Chapter 35 - Precipice

Lex added Mrs. Kent's medical file to his Room of Obsession, but since stealing it, he hadn't had time to look it over thoroughly. He had worse problems to deal with.

Helen's ex-boyfriend, Paul Hayden, came into town. According to Helen, he'd beaten the girlfriend he had before her, and she'd broken things off before she became his next victim.

When Hayden started stalking Helen, Lex's darker side didn't have to suggest killing him. It was already on his mind, especially when he showed up at the hospital badly injured and tried to pin it on Lex. Helen almost believed him, too, and Lex didn't blame her, since he'd been so seriously considering committing the crime of which Hayden was now accusing him.

Lex tried to keep his mind off it. He knew Helen could take care of herself, and that eventually she would figure out what had really happened. He focused on his work at the plant, and he filled up some of his spare time taking care of Lana and helping her learn to defend herself—she'd been attacked at the Talon, and she was jumping out of her skin every time she heard a noise behind her. Working with her in the mat room was the longest his other side had spent in silence since before Lex's fallout with the Kents. He was starting to think maybe he could fight it without them.

Then Hayden attacked Helen.

It was the first time in his life that Lex fully believed his darker side when it said they were one and the same. Lex only just managed to arrive in time to find her, broken and bloodied, an inch from death. Once he was sure that the doctors had what they needed to save her, he grabbed two guns and tracked down Hayden.

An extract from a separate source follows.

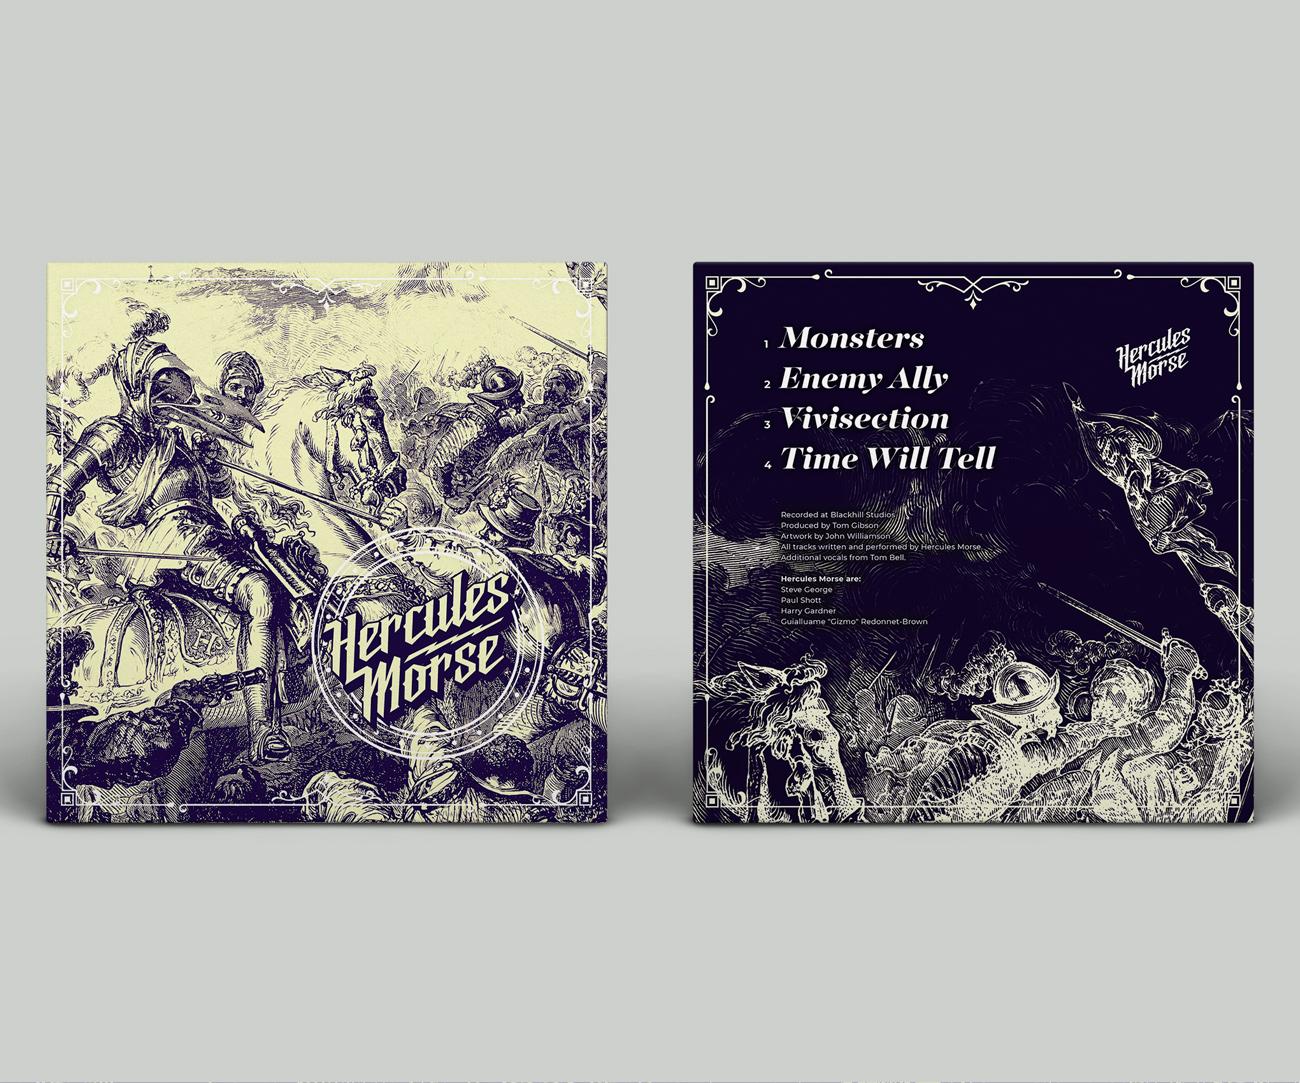 Hercules Morse Album Artwork Design
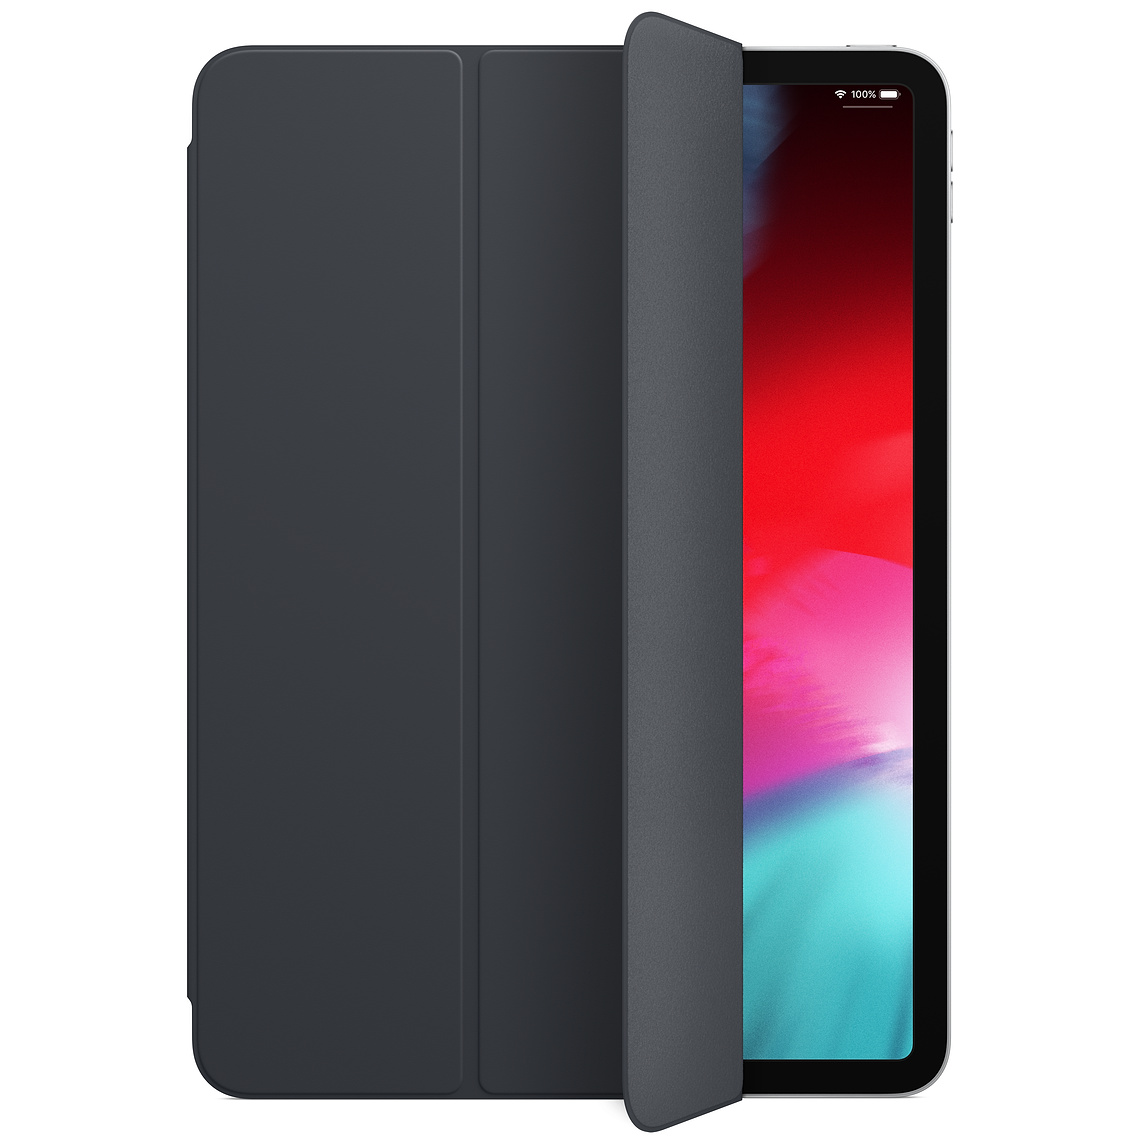 Best Accessories for Apple iPad Pro 2018 4. Smart Folio Cover

Somehow, Clark got involved, as he always did when something dangerous was happening in Smallville, or something immensely personal in Lex's life. Lex wondered if part of Clark's secret involved some kind of magic radar for trouble. Lex managed to shake Clark off just before reaching Hayden.

Lex and Hayden fought in an abandoned train car. Lex was thankful he'd been practicing hand-to-hand combat recently, or he might have lost the fight. Finally, he stood over Hayden with the gun, finger on the trigger.

His hands shook.

A long silence passed before the voice screamed, "Do it!"

Hayden deserved it. He was a predator.

"Then do it!"

No one would know it hadn't been self defense.

"He almost killed Helen!"

This was for Helen. The woman he loved. The woman who had forgiven so many of his faults already.

"NOW, LEX."

She deserved better than Lex. Better than a murderer.

He couldn't do it. He wouldn't.

He hit Hayden in the face with the gun. Clark entered a moment later, and the Sheriff a few second after that. Lex was able to claim he was just making a citizen's arrest.

He could see in Clark's eyes that Clark didn't believe him, but he didn't care.

"What was the point in that?" The darkness berated Lex non-stop on the car ride back from the scene with Hayden. "You should have killed Hayden!"

"I couldn't," Lex said aloud. "Helen would know it wasn't self defense."

"He tried to kill her! She would want him dead, too!"

"I don't think she would. And she deserves better than a murderer."

"I've killed before."

"That was in defense."

"Julian wasn't."

Lex was silent for a long time. He didn't have any excuse for that. The truth was, he had no idea why he had killed Julian. He didn't even remember doing it. He had only a vague memory of his father hitting him in the face so hard that he'd fallen and hit his head. "That was an accident," he finally said. "Killing Hayden would have just been a crime."

"Keeping yourself pure for her, Lex? What's the point in that?"

"LEAVE ME ALONE. I love her. I don't want to hurt her."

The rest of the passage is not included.